Revela: Dense Retriever Learning via Language Modeling

Dense retrievers play a vital role in accessing external and specialized knowledge to augment language models (LMs). Training dense retrievers typically requires annotated query-document pairs, which are costly to create and scarce in specialized domains (e.g., code) or in complex settings (e.g., requiring reasoning). These practical challenges have sparked growing interest in self-supervised retriever learning. Since LMs are trained to capture token-level dependencies through a self-supervised learning objective (i.e., next token prediction), we can analogously cast retrieval as learning dependencies among chunks of tokens. This analogy naturally leads to the question: How can we adapt self-supervised learning objectives in the spirit of language modeling to train retrievers? To answer this question, we introduce Revela, a unified and scalable training framework for self-supervised retriever learning via language modeling. Revela models semantic dependencies among documents by conditioning next token prediction on local and cross-document context through an in-batch attention mechanism. This attention is weighted by retriever-computed similarity scores, enabling the retriever to be optimized as part of language modeling. We evaluate Revela on domain-specific (CoIR), reasoning-intensive (BRIGHT), and general-domain (BEIR) benchmarks across various retriever backbones. Without annotated or synthetic query-document pairs, Revela surpasses larger supervised models and proprietary APIs on both CoIR and BRIGHT. It achieves BEIR's unsupervised SoTA with ~1000x less training data and 10x less compute. Performance increases with batch size and model size, highlighting Revela's scalability and its promise for self-supervised retriever learning.
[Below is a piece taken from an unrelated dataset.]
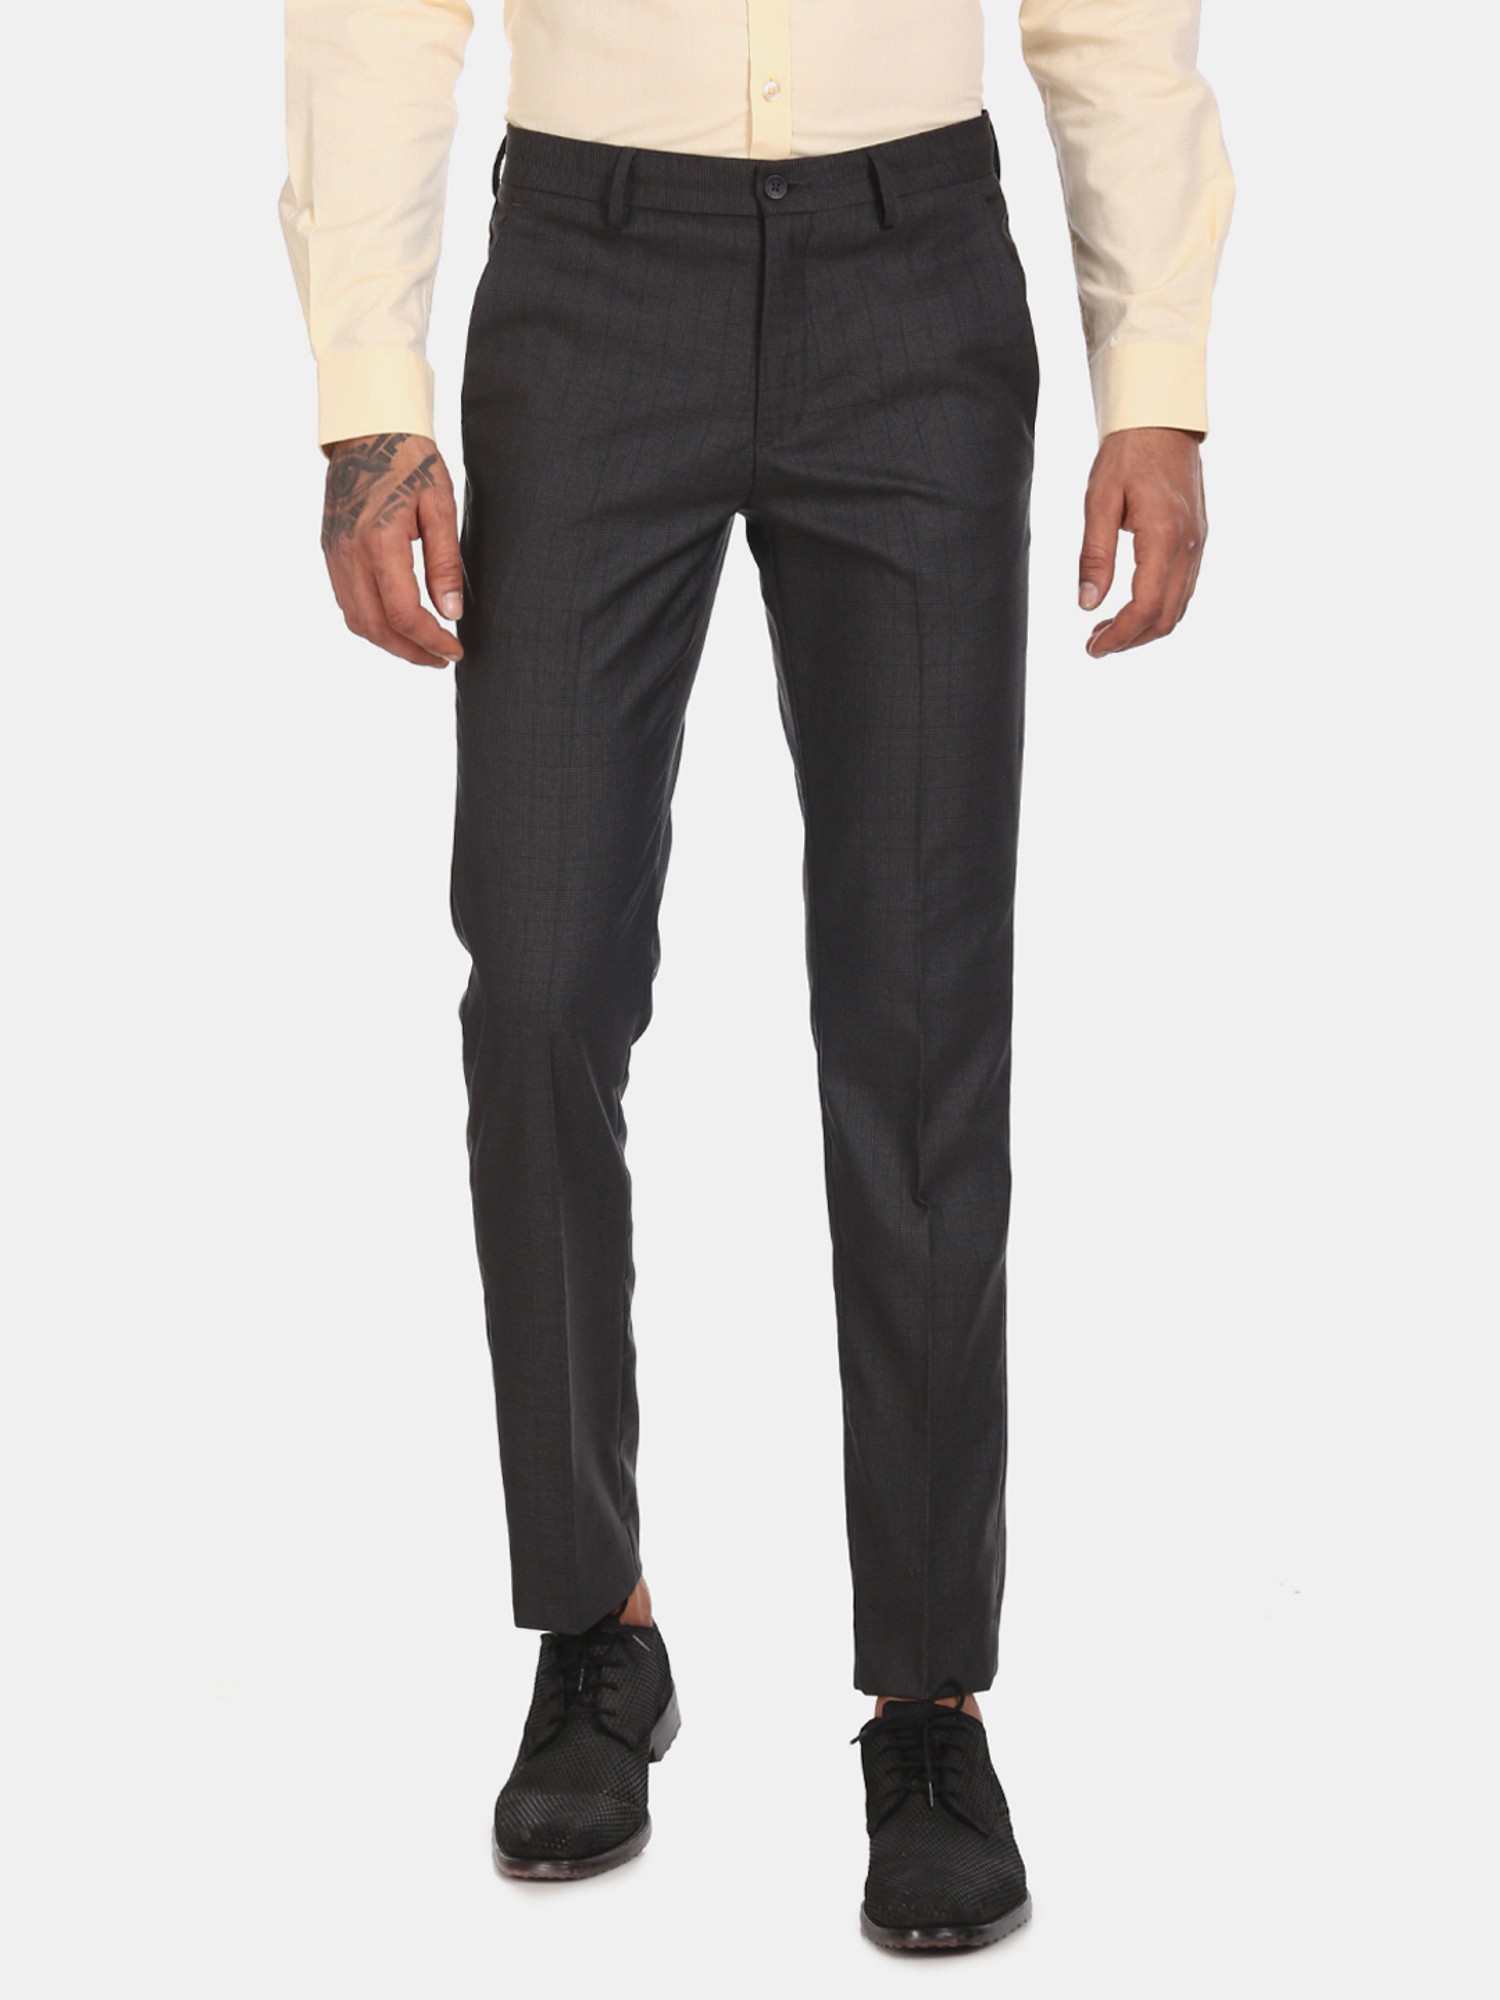 Buy Black Trousers & Pants for Men by EXCALIBUR Online | Ajio.com

翻译：稠密检索器在访问外部和专业化知识以增强语言模型方面发挥着至关重要的作用。训练稠密检索器通常需要带标注的查询-文档对，这类数据在特定领域（例如代码）或复杂场景（例如需要推理）中创建成本高昂且稀缺。这些实际挑战激发了人们对自监督检索器学习日益增长的兴趣。由于语言模型通过自监督学习目标（即下一词预测）来捕获词元级依赖关系，我们可以类似地将检索建模为学习文本块之间的依赖关系。这一类比自然引出一个问题：我们如何能借鉴语言建模的思想，调整自监督学习目标来训练检索器？为回答此问题，我们提出了Revela，一个通过语言建模进行自监督检索器学习的统一且可扩展的训练框架。Revela通过批次内注意力机制，基于局部和跨文档上下文对下一词预测进行条件建模，从而捕获文档间的语义依赖关系。该注意力的权重由检索器计算的相似度分数决定，使得检索器能够作为语言建模的一部分进行优化。我们在领域特定（CoIR）、推理密集型（BRIGHT）和通用领域（BEIR）基准测试中，针对多种检索器骨干网络评估了Revela。在无需标注或合成查询-文档对的情况下，Revela在CoIR和BRIGHT上均超越了更大的监督模型和专有API。它以约1000倍更少的训练数据和10倍更少的计算量，达到了BEIR的无监督最先进水平。性能随批次大小和模型规模的增加而提升，凸显了Revela的可扩展性及其在自监督检索器学习方面的潜力。